Another major project was to fight against the Mexican government’s plan of state-led land redistribution by creating an agrarian society, guided by Catholic moral principles, that would work cooperatively to farm privately owned land. To do this, the UNS planned four Catholic colonies: Maria Auxiliadora in Baja California; Villa Kino in Sonora; Santa Maria del Refugio, Tamaulipas; and San Miguel Arcangel in Durango (the latter two were never officially established). In the colonies, the UNS leadership promised, Mexican Catholic families could live in utopian Catholic communities in which the patriarchal order, private property, and Catholic education were held sacrosanct. In Maria Auxiliadora, the most successful of the colonies, some 260 colonists built a church, a school, and 60 houses of palm and reeds—“a little city created by Sinarquismo in the middle of the desert” [1]. Some 85 people founded a similar colony at Villa Kino, on the Sonoran coast of the Sea of Cortez.
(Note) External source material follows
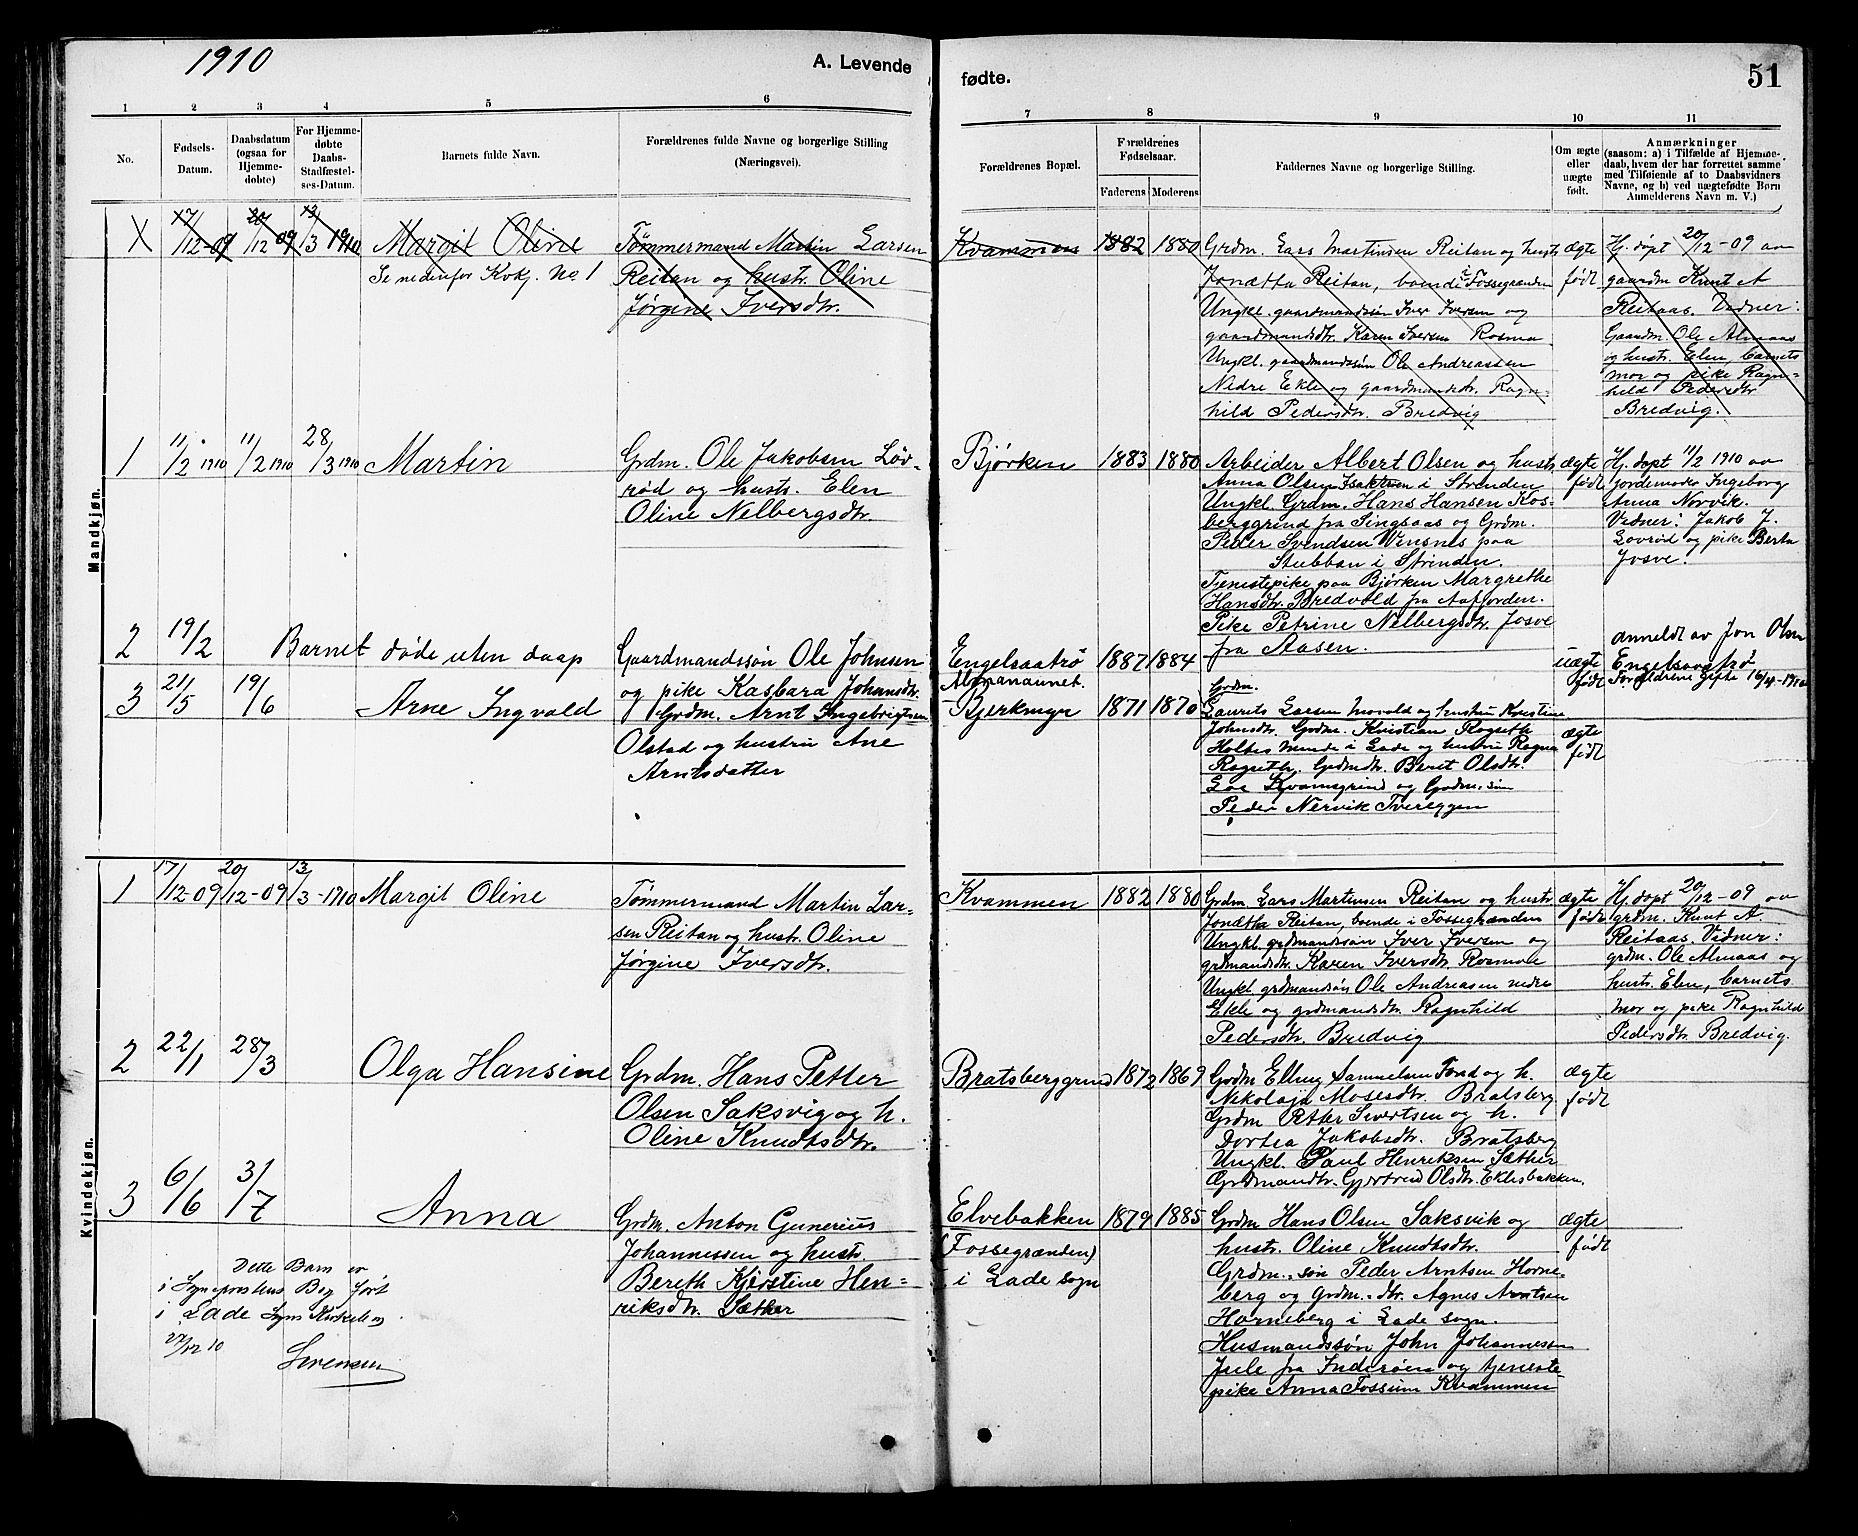 SAT, Ministerialprotokoller, klokkerbøker og fødselsregistre - Sør-Trøndelag, 608/L0341: Klokkerbok nr. 608C07, 1890-1912, s. 51

Although the colonies collapsed after just a few years, while they survived, they were a major motivator for UNS fundraising and activism.
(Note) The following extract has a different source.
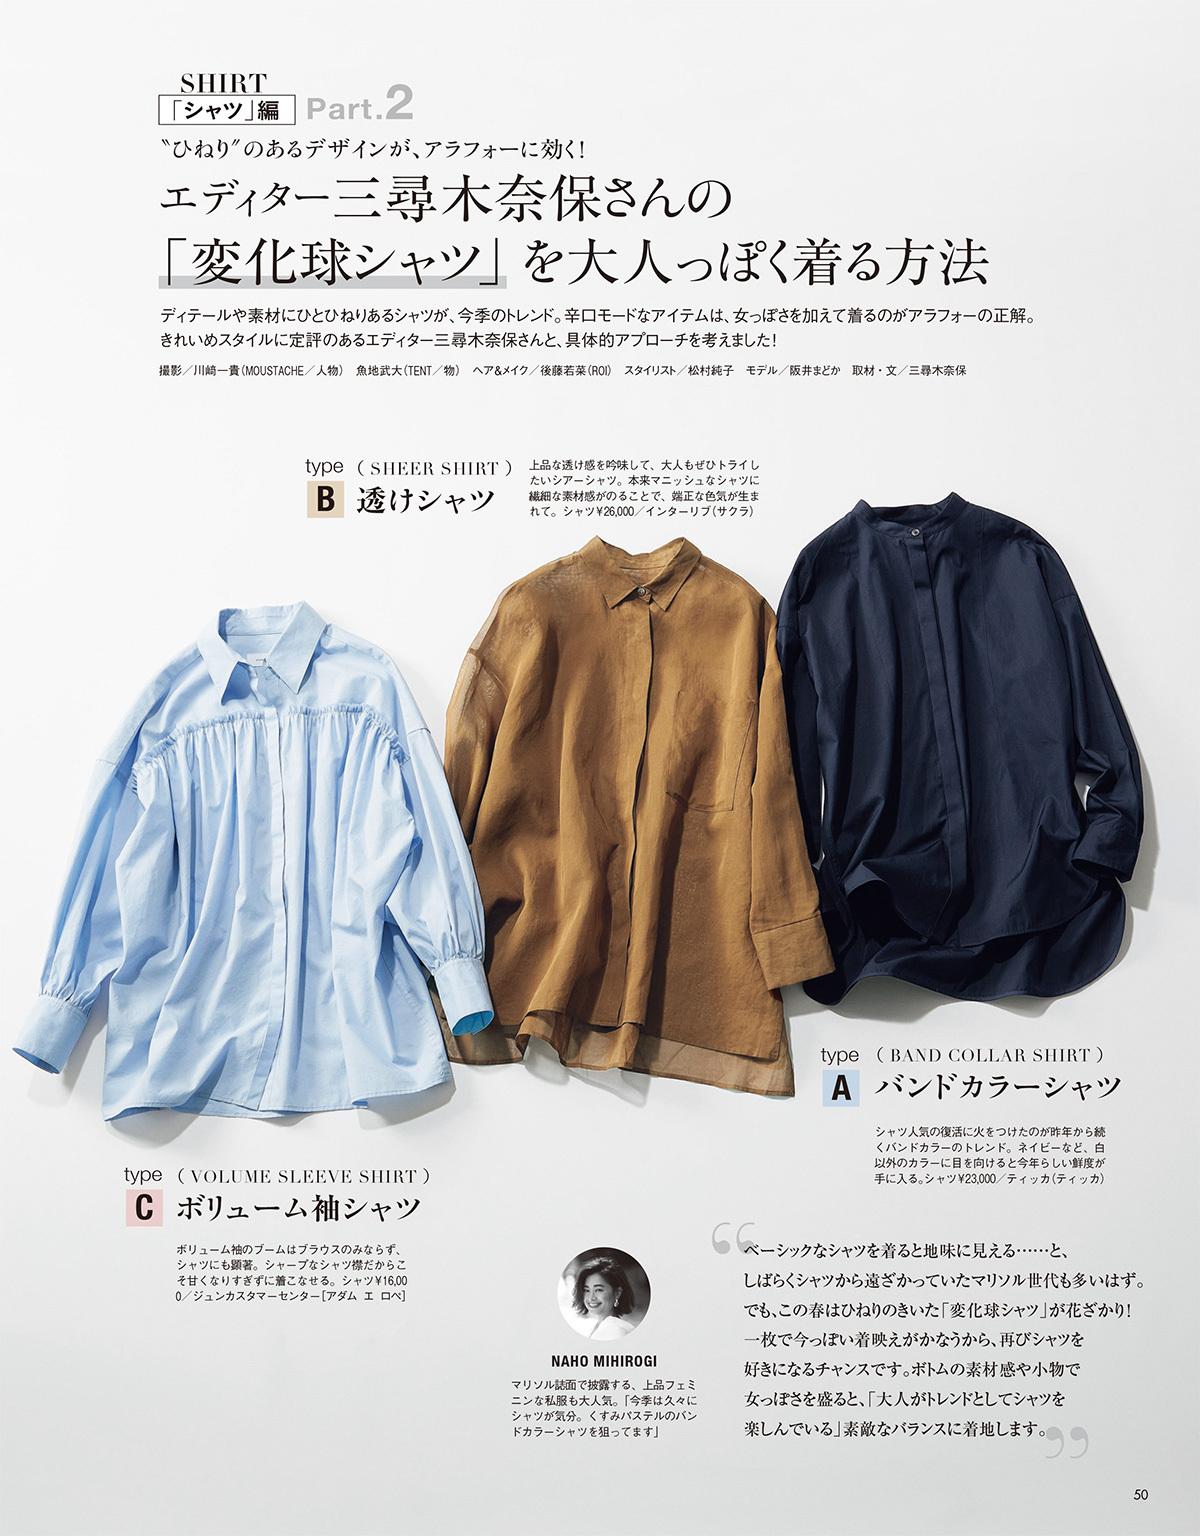 エディター三尋木奈保さんの「変化球シャツ」を大人っぽく着る方法

During the heyday of Cristero and UNS organizing, both groups found significant support from growing migrant communities in the United States. During the 1920s, as I have written elsewhere, Cristero supporters formed a “Cristero diaspora”—a network of emigrants, exiles, and refugees who supported the Cristero cause by sending money, arms, and recruits to Mexico. In addition, they marched in public demonstrations and processions, and they founded churches, convents, and schools that still exist to this day. Like their counterparts in Mexico, they sought the overthrow of the current regime, and they threw their support behind a number of political exiles who promised to launch rebellions against the Calles government, including Adolfo de la Huerta, Enrique Estrada, and José Gonzalo Escobar.
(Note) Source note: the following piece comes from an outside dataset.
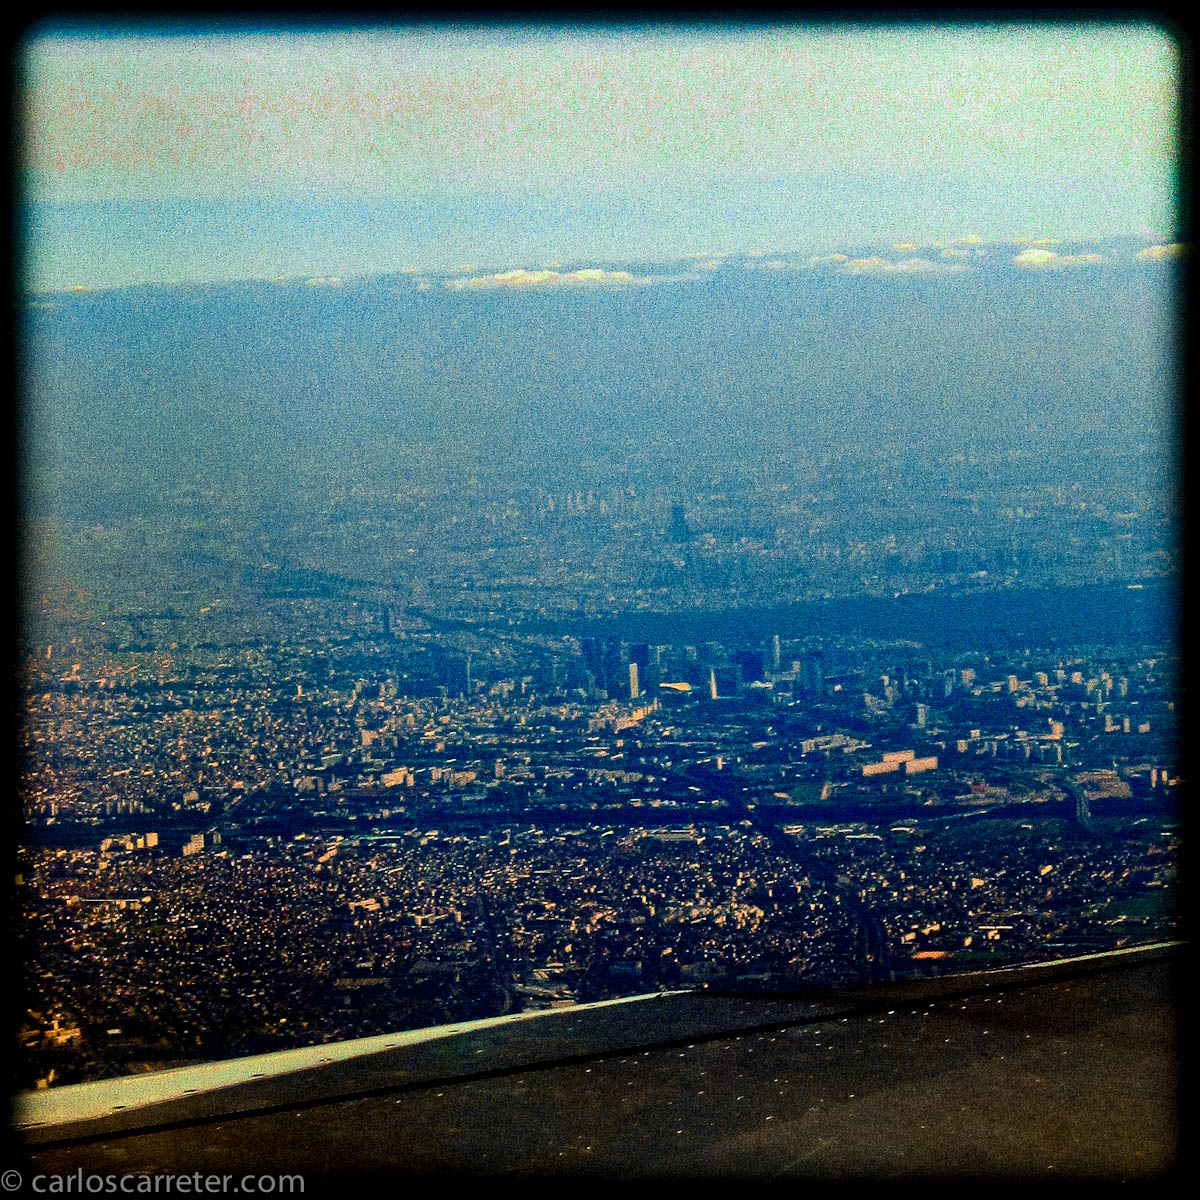 París desde el avión

For the UNS as well, migrants would become an essential part of the organization. By the early 1940s, thousands of Mexican migrants had become enthusiastic members, joining local chapters of the UNS from California to Texas to Indiana. They attended frequent meetings where they pledged loyalty to the organization, exchanged news, prayed, watched films, sang sinarquista hymns, and donated not only money, but jewelry, farming implements, and domestic utensils. The women’s section was also active in the United States, with at least one chapter in El Paso. The financial help of the migrant community was essential for supporting the organization and the colonization efforts. 

Although both the Cristero and Sinarquista movments ultimately collapsed, their legacy is still important on both sides of the border. The Cristero War is still very much alive in Mexican popular memory, especially in Jalisco, where it is common to see altars to Cristero martyrs inside Catholic Churches. The sinarquista movement has also remained active, maintaining physical and digital spaces and helping to fuel religious and political conservatism in Mexico. Both movements continued to inform politics in Mexico—leaders and members on both sides of the border would ally with and provided support for the Partido de Acción Nacional (PAN), Mexico’s largest conservative political party, as well as traditionalist right-wing Catholic organizations such as El Yunque, Opus Dei, and the Legionaries of Christ. In Mexico, Salvador Abascál, one of the founders of the UNS, would remain a central figure within the Mexican Catholic right until he died in 2000, and two of his sons would hold positions of power in the conservative PAN government.

In reflecting upon the history of right-wing Catholic activism in Mexico and its diaspora, it is important to consider the ways that migration has worked to change political conflicts in Mexico during the twentieth century. Indeed, by incorporating the study of migrants into Mexican political and religious history, it is apparent that what happened in Mexico did not stay in Mexico. Indeed, migration made—and still makes—Mexican politics inherently transnational, as migrants both impact and are impacted by the politics of the homeland.

  1. El Sinarquista June 17, 1942, p. 3.